王义第一个炸了,气得小身子都在发抖,撸起袖子就要冲出去:“这群王八蛋!敢骂爹!我弄死他们!”

王礼懵懵地也跟着攥紧小拳头,气鼓鼓地就要上:“打!打坏人!”

王贤虽然小,也气得脸蛋鼓鼓,眼圈都红了:“不许骂我爹!打他们!”

王仁一把死死拦住王义,低喝:“等等!别冲动!”

王义急得直跳脚:“等什么!他们骂爹啊!这么难听你都能忍?”

王仁看着他,一字一句,沉声道: “爹教过我们什么?

君子动口不动手。

他们现在是骂人,可咱们若动手打了活人,便坐实了‘王牧养鬼害人’的谣言。

到时候,爹的名声就毁了,科考也完了!”

王义一噎,气得脸通红,却一句话也说不出来。

王智点头,冷静道:“大哥说得对。

小不忍则乱大谋。现在动手,不值当,反而害了爹。”

王仁继续道:“他们德行有亏,

抛弃同伴,见死不救,背后毁人名声,本就亏阴德。

要惩罚,也得在关键时候,一击致命,让他们永世翻不了身。”

王义憋得胸口疼,终于狠狠一跺脚,小声骂:“行!听大哥的!先饶了这群狗东西!”

五子正说着,忽然听见旁边传来一阵锣响。

一个老头挑着担子,在街角摆了个摊,旁边围了几个人。

老头敲着锣,扯着嗓子喊: “说书啦说书啦!

今儿个讲个考场奇闻——污卷的来历!”

五子对视一眼,眼睛齐齐一亮,悄悄飘了过去。

······

老头清了清嗓子,摇头晃脑地讲起来: “诸位可知,科场之上,有一种最惨的事,叫‘污卷’?”

“污卷者,考卷之上,莫名出现污渍,

——墨汁泼洒、茶水浸染、甚至血痕斑斑,

——不管考生文章写得再好,当场黜落,三年前程,毁于一旦!”

有人问:“那是怎么回事?自己不小心?”

老头嘿嘿一笑,压低声音,神神秘秘: “非也非也!

据说,这污卷之事,多与阴德有关。

心术不正、作恶多端之人,进了考场,自有鬼神降罚,让他的卷子污损,以示天谴!”

“更有一种说法——若有考生德行有亏,考场之上,会有无形之手,将他的卷子染污!”

“故而,历年科考,但凡出现污卷者,事后查其生平,十有八九,皆是恶人!”

众人听得津津有味,连连称奇。

老头敲锣一声,压低声道: “曾有一位举子,文章写得花团锦簇,誊卷时伏案小憩,不知不觉打了个瞌睡。

等他惊醒一看——整张考卷上,

——印满了一朵朵墨梅花,全是猫爪蘸墨摁出来的!”

“那举子当场崩溃大哭,被人驱赶出贡院时,仰天悲呼:

——‘我错了!我当年不该活活打死那只母猫和它七只幼崽啊!’”

“诸位听听,亏阴德、害生灵,考场自有鬼神记账!

卷子一污,一生尽毁!”

五子却听得眼睛越来越亮,小脸上全是兴奋。

王义猛地一拍大腿,差点喊出声:“妙啊!这法子太妙了!”

王仁眼中精光一闪:“这倒是个好法子。

不伤命,不惹祸,却能让他们自食恶果。
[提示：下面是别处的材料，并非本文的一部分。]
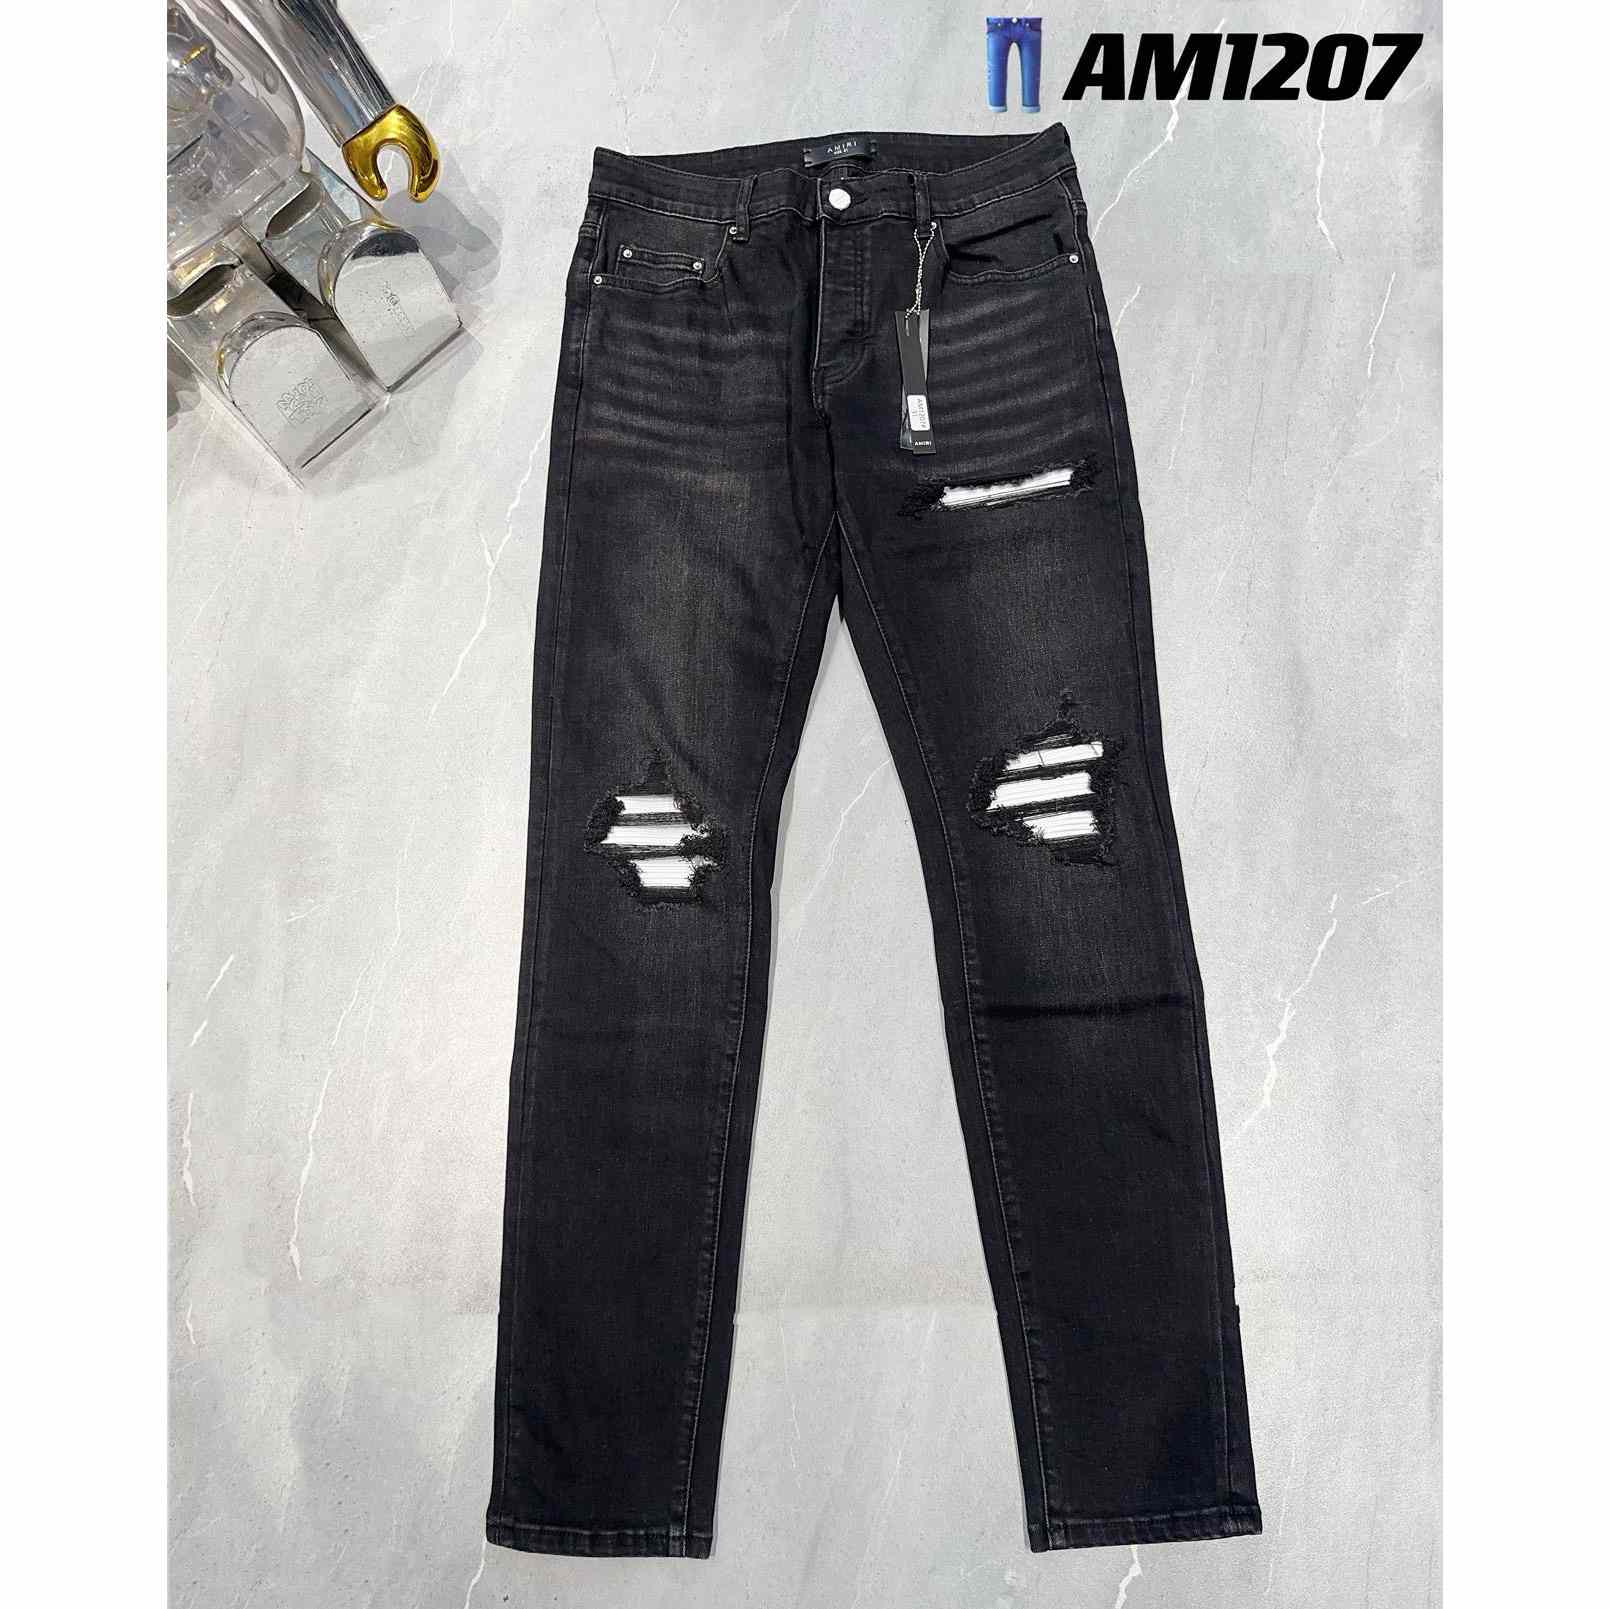 Amiri Jeans     AM1207 - DesignerGu
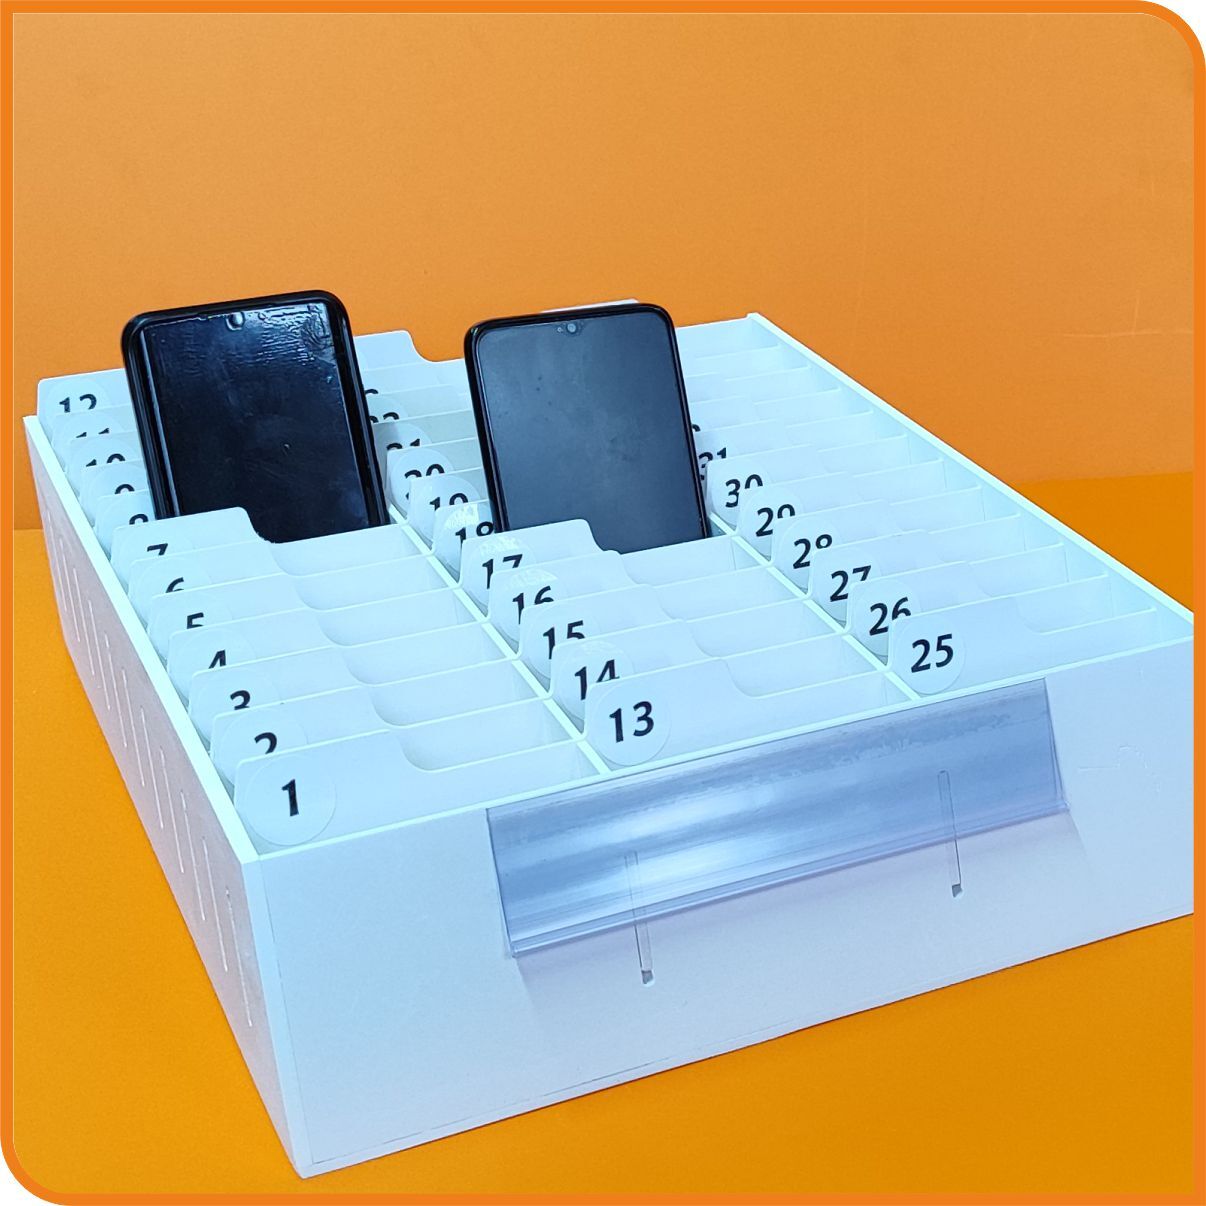 Органайзер ПВХ с ячейками для 30 телефонов с номерами и кармашком для подписывания

”

王智嘴角勾起一抹笑意:“那七个人,抛弃同伴,背后伤人,亏心缺德,怕是不知道,这世上真有‘无形之手’。”

王礼懵懵地问:“咱们要当那个无形之手吗?”

王贤奶声奶气地接话,小拳头一挥:“让他们污卷!让他们考不成!谁让他们骂爹!”

五子相视一笑,心照不宣,悄悄飘走。

身后,说书老头还在眉飞色舞地讲着。

······

五子回到客栈时,王牧还在灯下看书,背影显得有些孤单。

见他们从门缝里飘进来,

王牧擡起头,眉头微皱,语气带着几分责备: “这么晚了,跑哪儿去了?

不知道爹会担心吗?”

五子挤眉弄眼,你推我我推你,一个个缩着脖子,像犯了错的小狗狗。

最后还是王仁上前,恭恭敬敬,却带着一丝委屈: “爹,我们......我们有个请求。”

王牧放下书:“说。”

王仁小声道:“爹进考场那天,能不能......带我们一起去?”

王牧一怔,随即立刻摇头,语气坚决: “不行。

考场重地,凶险万分,岂能儿戏?

你们若被发现,爹这辈子就完了。”

王义急了,立刻凑上来,小脸皱成一团: “不会被发现的!

我们藏在你袖子里,一动不动,连气都不乱喘!”

王礼懵懵地点头,拉着王牧的衣角晃了晃:“对呀对呀,我们可乖了,不吵不闹。”

王智道:“爹,

我们修了文道功法,可以收敛气息,与常人无异。

只要我们不乱动,没人能发现。”

王贤直接扑进王牧怀里,小身子一拱一拱,

仰着小脸,眼泪汪汪,眼圈红红的,

声音软糯得快要化了: “爹爹......

不要丢下我们好不好......

你一去就是几天,我们五个自己待在屋里,好黑、好安静、好孤独......

我们害怕......

我们不想单独待着......

就想跟着爹爹......”

王仁也低下头,声音轻轻的,带着小孩子最纯粹的依赖: “爹,

我们不是要去捣乱,也不是现在就说要帮你做什么......

我们就是......舍不得你。

一想到要好几天见不到爹,我们心里就慌慌的,很难受。”

王义也放软了语气,挠挠头,别扭又真诚: “是啊爹,

我们就想在你袖子里待着,闻着你的味道,心里就踏实。

你就当......

带了五个小挂件行不行?”

王礼懵懵地跟着点头,抱着王牧的胳膊:“挂件......不占地方......”

王智也轻声道:“爹,

我们保证不乱跑、不乱看、不乱说话。

只要能在你身边,我们就满足了。”

王贤把小脸埋在王牧怀里,蹭来蹭去,声音带着哭腔: “爹爹......

带我们去嘛......

我们好想陪着你......

一个人真的好怕好怕......”

王牧看着五个儿子,一个个眼巴巴望着他,小脸写满依赖、委屈、害怕、不舍。

他们虽是鬼子,却是他的骨肉,是他一手带大的孩子。

他们不是要闯祸,只是舍不得他,只是怕孤单。

他的心,一瞬间就软成一滩水。

沉默良久,他终于叹了一声,声音放得极柔: “好。带你们去。”

五子瞬间眼睛一亮,齐声欢呼,差点蹦起来。

王牧连忙压低声音:“别高兴太早!

到了考场,必须听我的!

不许乱动,不许出声,不许被人发现!违者,以后再也不带你们!”

五子齐齐点头,小脑袋点得像啄米鸡,比任何时候都乖巧。

“记住了!”

“保证听话!”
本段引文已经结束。